TASK REQUIREMENTS |
For the material below, return exactly the lines starting at the one holding "Is organic worth my money?" and ending at the one holding "cda079a06c71 Sophia Webster", counting both as part of the range.

DATA SECTION |
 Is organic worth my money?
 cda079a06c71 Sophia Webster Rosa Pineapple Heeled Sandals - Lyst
==
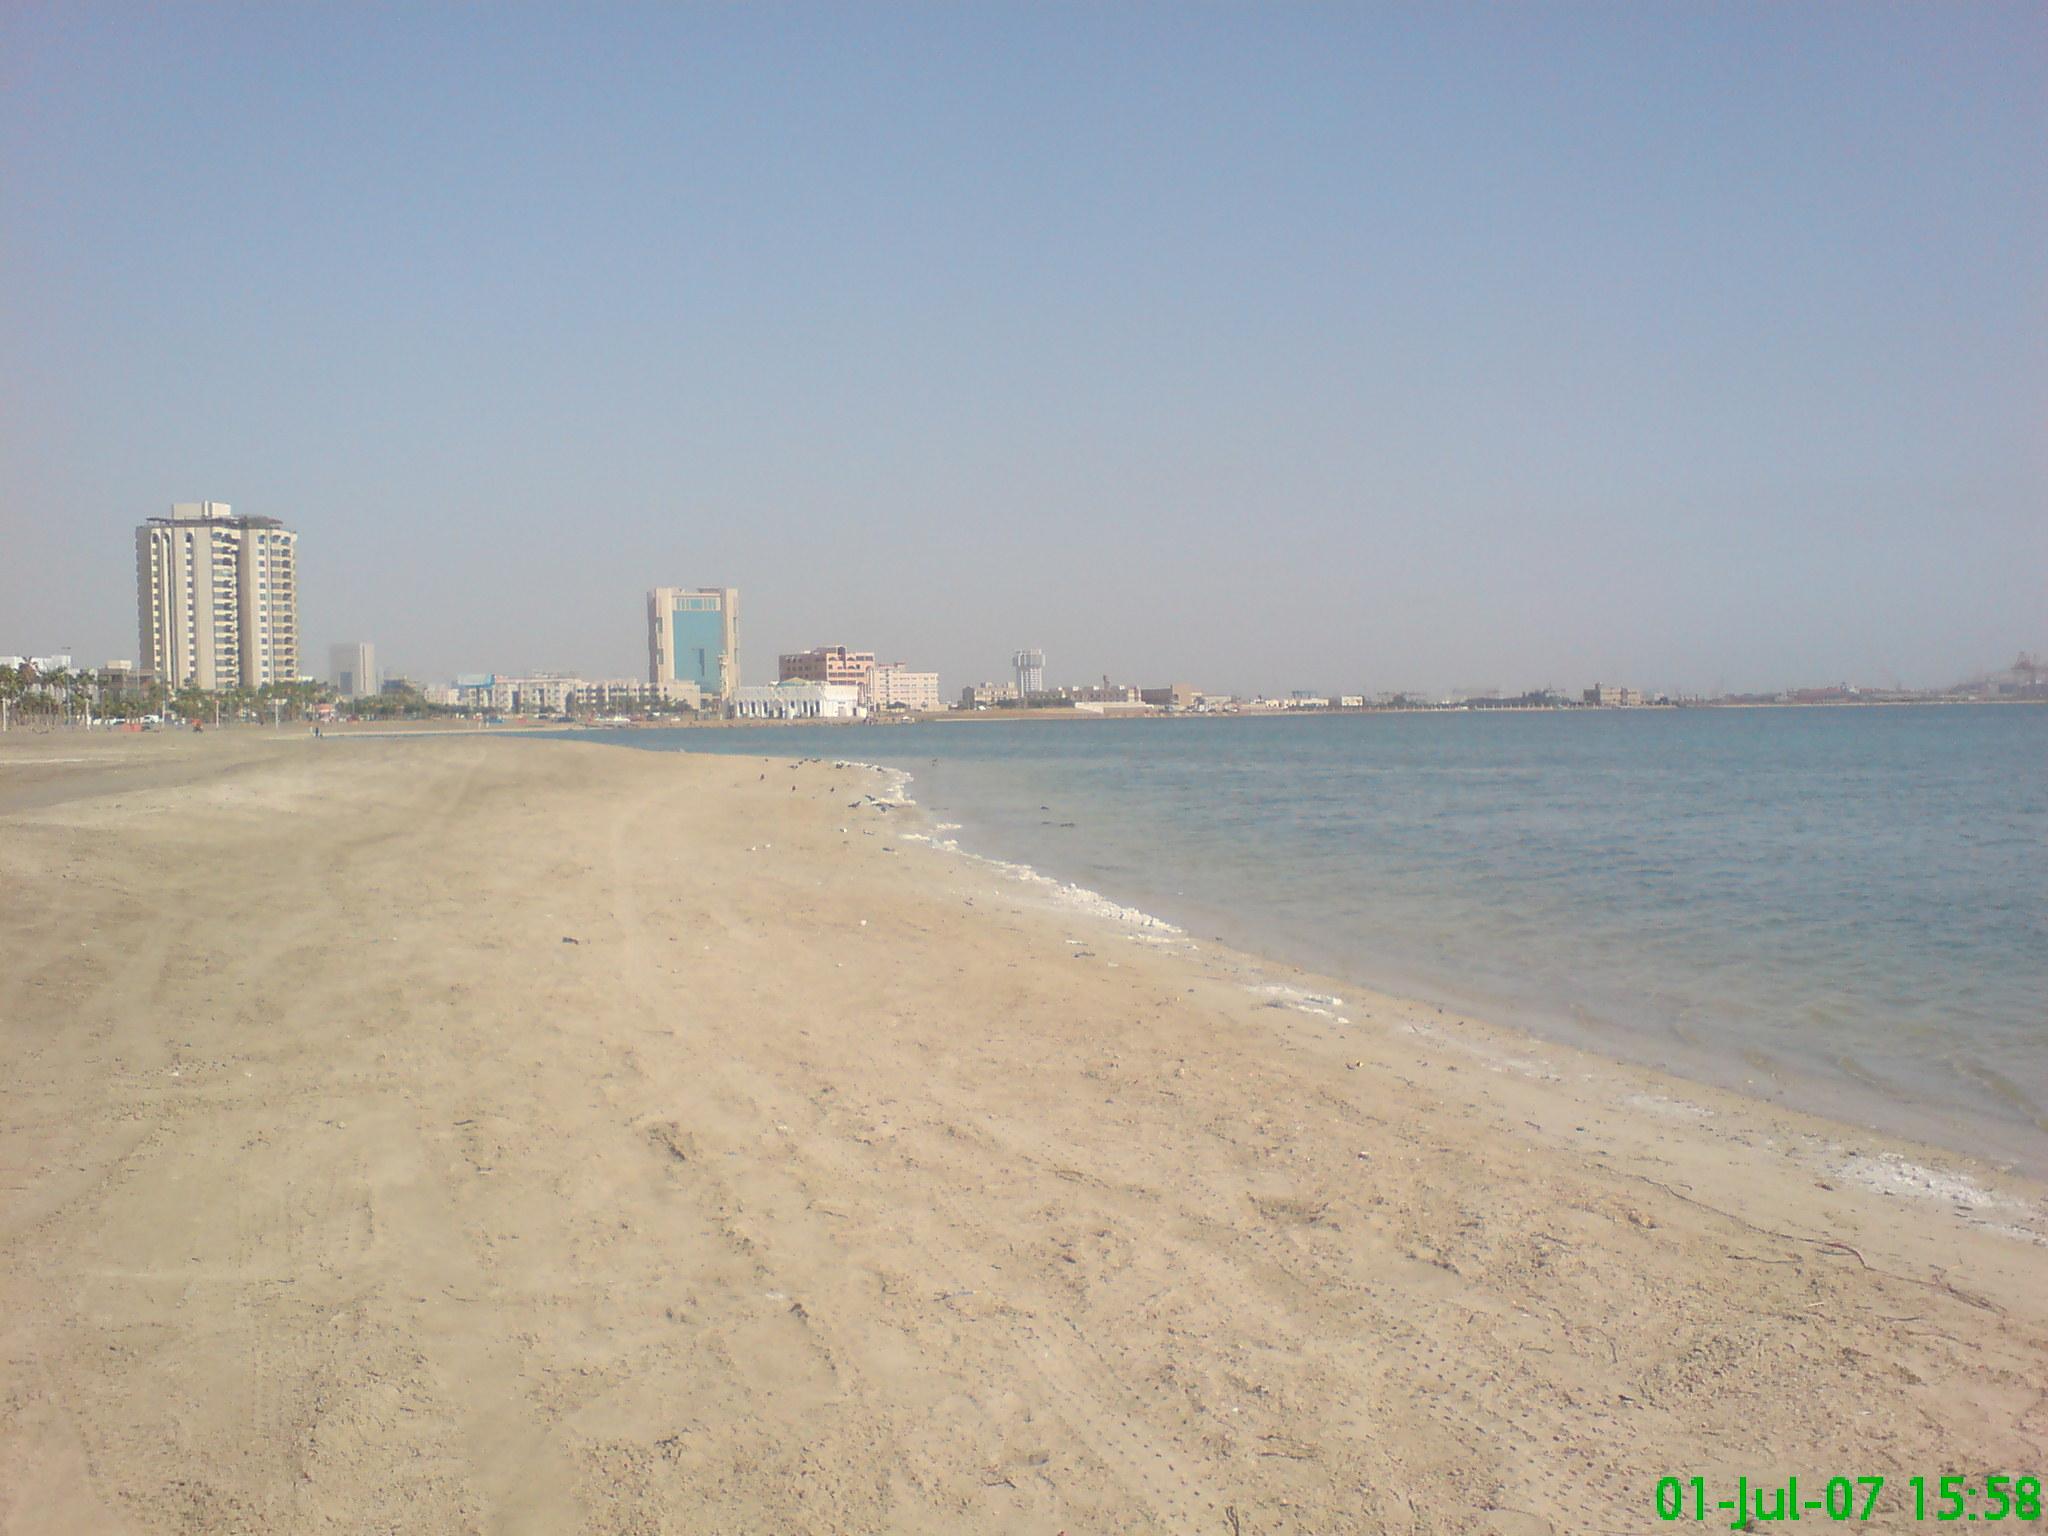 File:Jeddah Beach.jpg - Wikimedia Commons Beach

RESPONSE |
 Is organic worth my money?
 cda079a06c71 Sophia Webster Rosa Pineapple Heeled Sandals - Lyst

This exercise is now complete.